Nach Arthurs Ansprache fällt ihm nun auch Sophie um den Hals. Der Schock ist abgeklungen und sie lässt zum ersten Mal seit Langen ihren Emotionen freien Lauf. Es war für sie sehr wichtig mal von ihrem Opa zu hören, dass sie zu der Familie Holt gehört. Viel zu lange hat sie sich damit herumgeschlagen, vielleicht brennt es sich endlich so fest in ihr Gehirn, dass sie es niemals wieder vergisst.

„Ich hol mal Kaffee und Kuchen", sagt Chris und geht in die Küche.

Vielen Stunden vergehen und erst um 21:30 fällt Elli auf wie spät es schon ist.

„Wir sollten fahren. Wir haben noch einen langen Weg vor uns und ich muss morgen arbeiten", sagt sie und steht auf.

In den Augen aller ist eine Mischung aus Trauer und Glück zu sehen.
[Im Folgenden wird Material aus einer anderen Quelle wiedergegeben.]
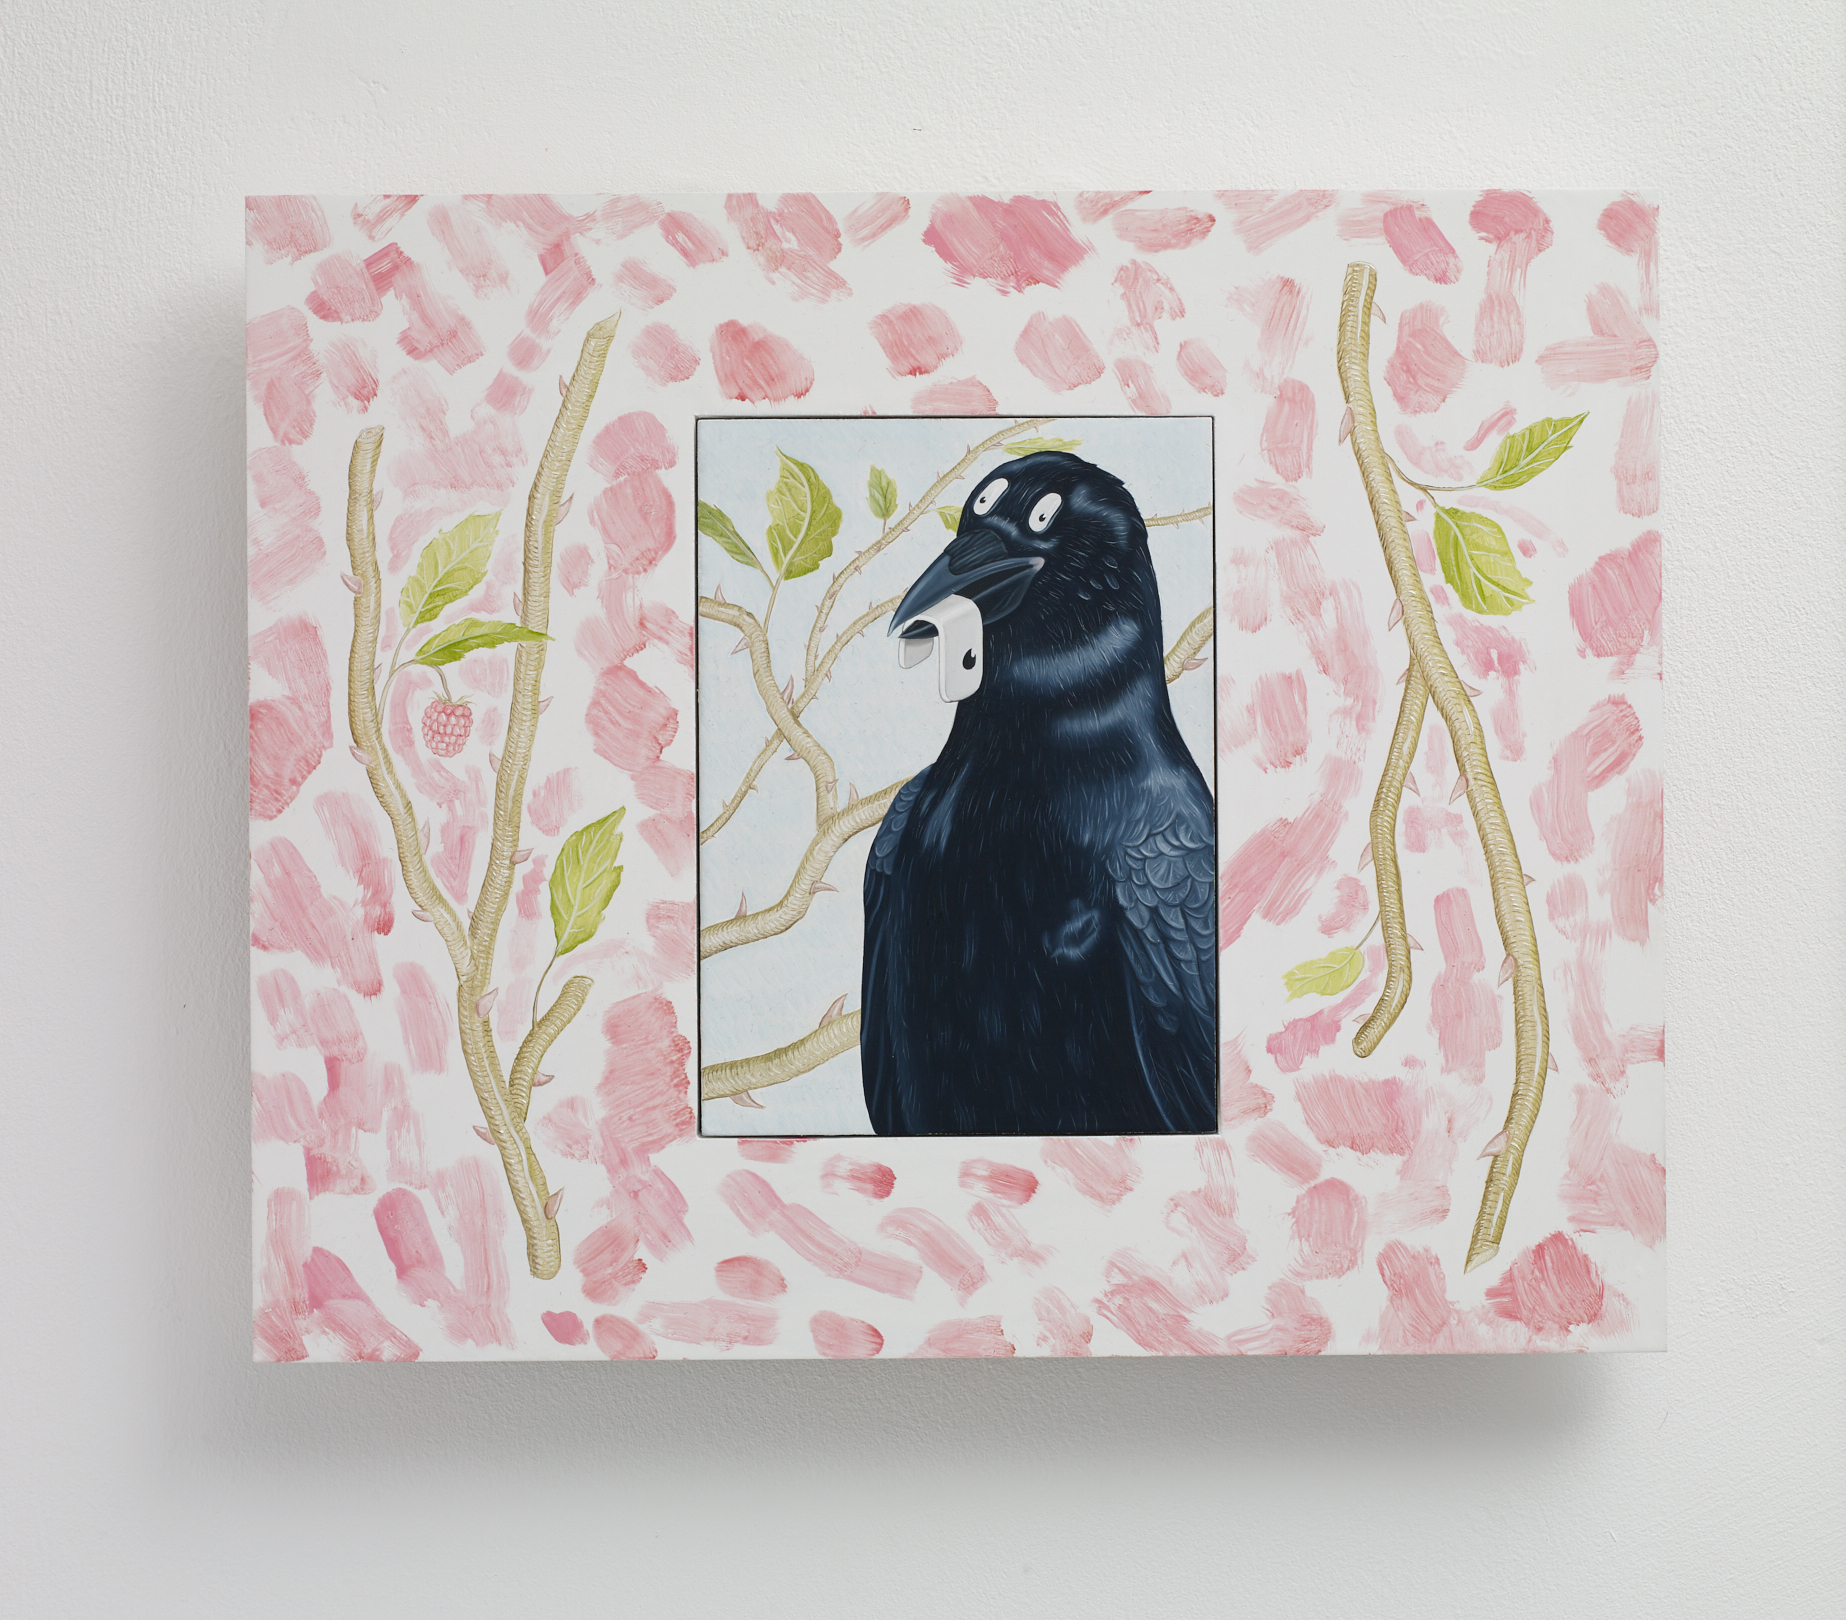 Tristan Pigott  Crow with Eye,  2019 Oil on board 31.5 x 26 cm framed 16 x 11.5 unframed

Trauer, weil sie nun wieder Abschied von einen geliebten Menschen nehmen müssen und Glück weil sie nun wissen, dass es ihm gut geht. Wieder kullern die Tränen. Diesmal bei allen Anwesenden zur gleichen Zeit. „Hört doch auf zu weinen", sagt Arthur „es ist doch niemand gestorben" Wie früher versucht er mit einem Witz die Stimmung wieder zu heben. Aber es war niemanden wirklich nach Lachen zu mute. Nur Maria konnte er ein leises kichern entlocken. Ihr Humor war schon immer ähnlich.

Nacheinander verabschieden sich alle von Arthur. Durch das Wohnzimmer hallt eine Reihe an „Hab dich lieb". Nur Hilda sagt zum Abschied, „Ich freue mich schon dich wieder zu sehen mein Schatz"

Als Elli und Arthur zu Tür hinausgegangen sind, erfüllt sich der Raum mit einer Emotion die man nur als Erleichterung beschreiben kann. Endlich konnte sich jeder von ihnen Verabschieden.